Then and Now: Obama’s Stance on Path to Citizenship
(WASHINGTON) -- President Obama has long said any immigration reform bill should include a path to citizenship for undocumented immigrants. But as House Republicans discuss potentially providing undocumented immigrants a pathway to legalization, but not a pathway to citizenship, the president signaled he might be open to a deal that leaves out the citizenship pathway he once advocated for so strongly.
OBAMA ON A PATH TO CITIZENSHIP THEN
In May, President Obama told Univision’s Maria Elena Salinas he would not sign a bill that did not include a path to citizenship.
In a separate interview with Univision, the president said “I want to make sure we have a pathway to citizenship that is earned by folks who are undocumented here currently.”
“It does not make sense to me, if we’re going to make this once-in-a-generation effort to finally fix the system, to leave the status of 11 million people or so unresolved,” Obama said in an interview with the Spanish-language network Telemundo’s Denver affiliate.
OBAMA ON A PATH TO CITIZENSHIP NOW
However, in an interview with CNN’s Jake Tapper that aired Friday, Obama seemed to open the door to considering a plan that did not include a path to citizenship.
“If the speaker proposes something that says right away, folks aren’t being deported, families aren’t being separated, we’re able to attract top young students to provide the skills or start businesses here and then there’s a regular process of citizenship, I’m not sure how wide the divide ends up being,” the president said.
“What I’m encouraged by is the fact that, that Speaker Boehner and others seem to recognize our country will be stronger if we are able to resolve this issue in a way where, you know, kids, for example, who have grown up here and for all practical purposes are Americans but don’t have the right papers are not being punished,” he added.
“The question is…is there more that we can do in this legislation that gets both Democratic and Republican support, but solves these broader problems, including strengthening borders and making sure that we have a legal immigration system that works better than it currently does,” the president said.

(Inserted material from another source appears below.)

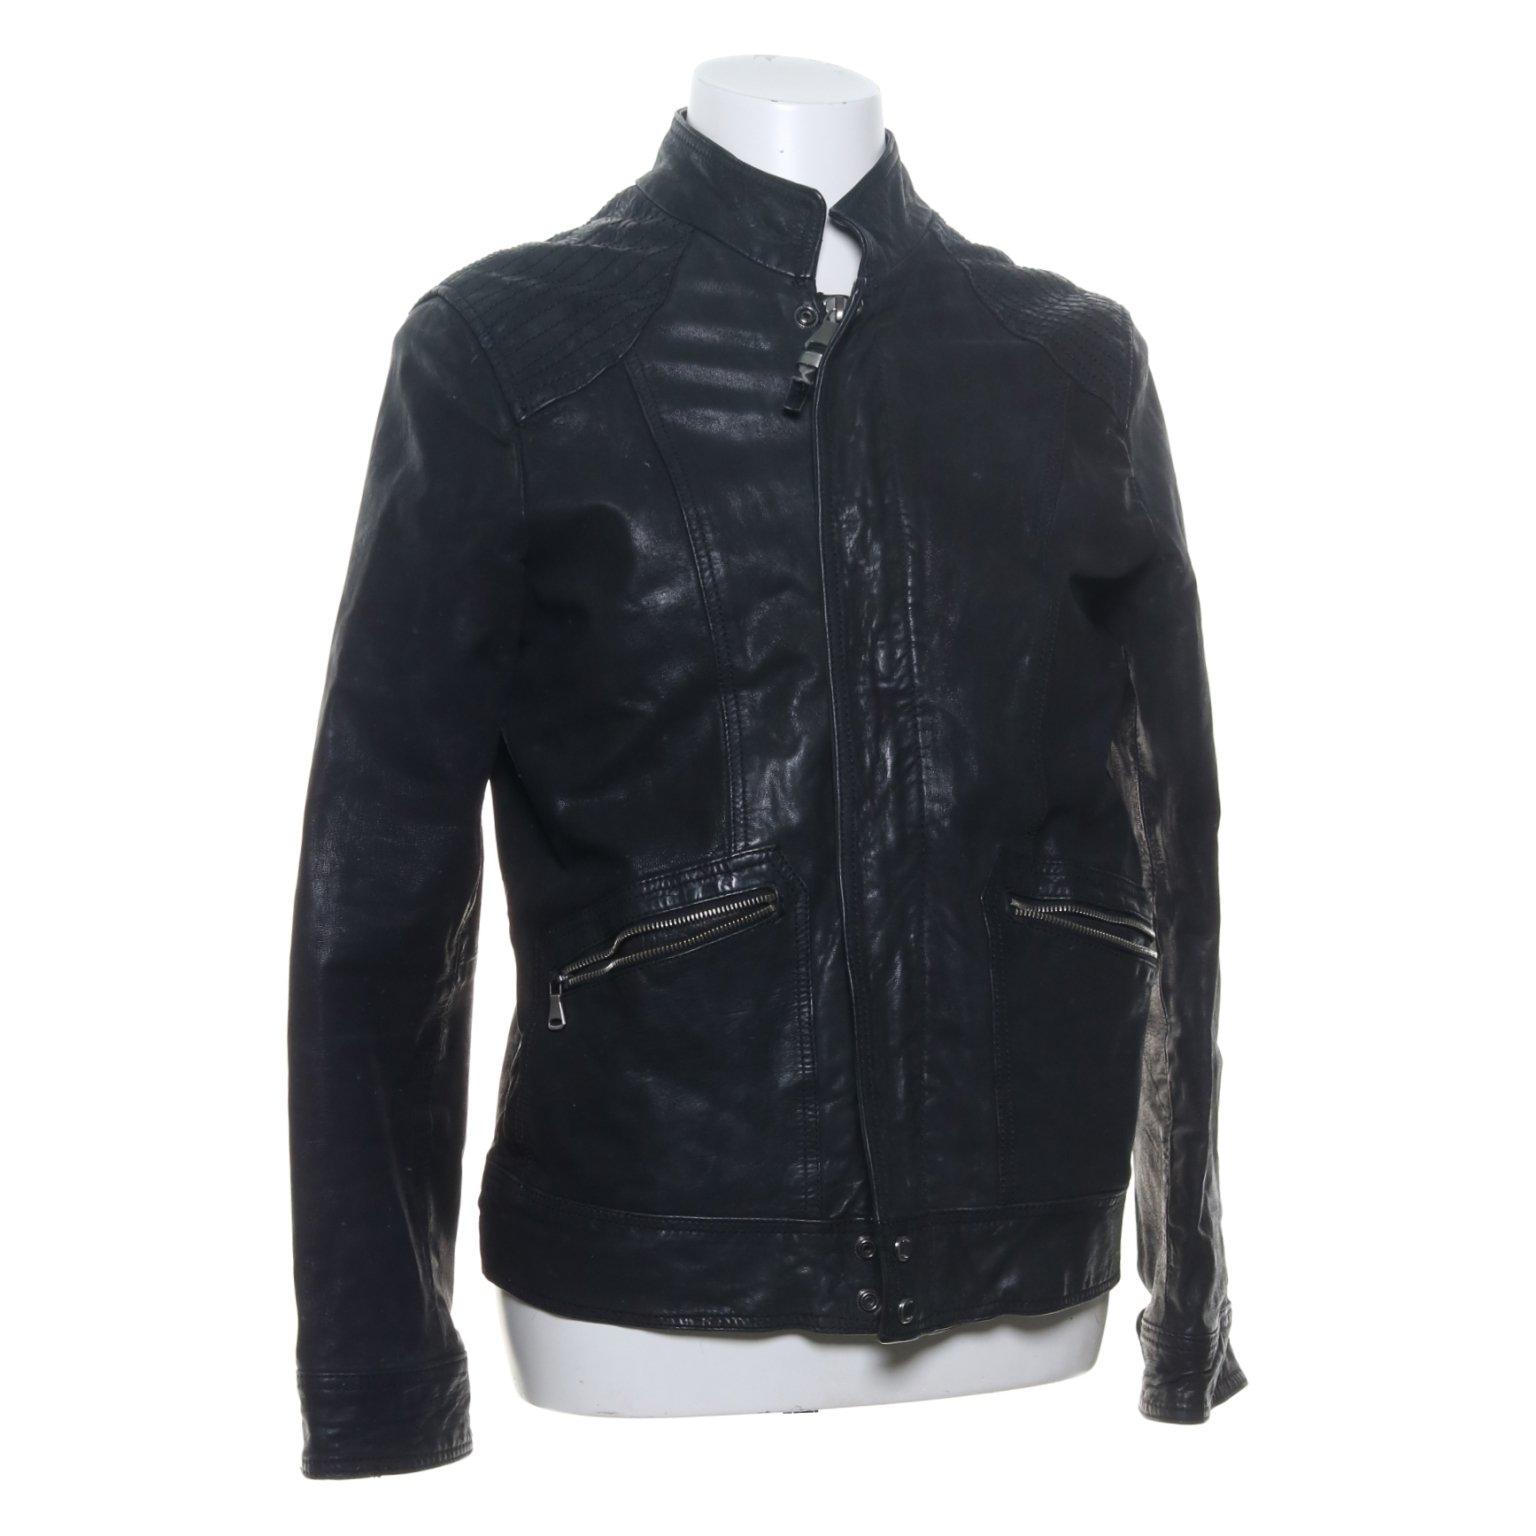 Zara Man, Skinnjacka, Strl: M, Sport Moda.. (383494172) ᐈ

While he may be open to giving House Republicans room to craft their immigration principles, the president made clear Friday he still wants to ensure immigration reform also allows people to become citizens.
“We should also make sure at the end of the day people are also able to become citizens,” the president said in a Google+ Hangout.
White House Press Secretary Jay Carney said Friday that the House GOP’s draft principles shows progress and “movement,” and that the president won’t “prejudge” what House Republicans are considering.
“His view is the view of so many different people and constituencies across the country on the matter of…citizenship and creating a pathway to it, on the general principle that we shouldn’t have a two-tiered society,” Carney said. “But this is the beginning of a process in the House, not the end, and what he is saying is that he’s not going to prejudge that process when at this point we have a single sheet of paper.”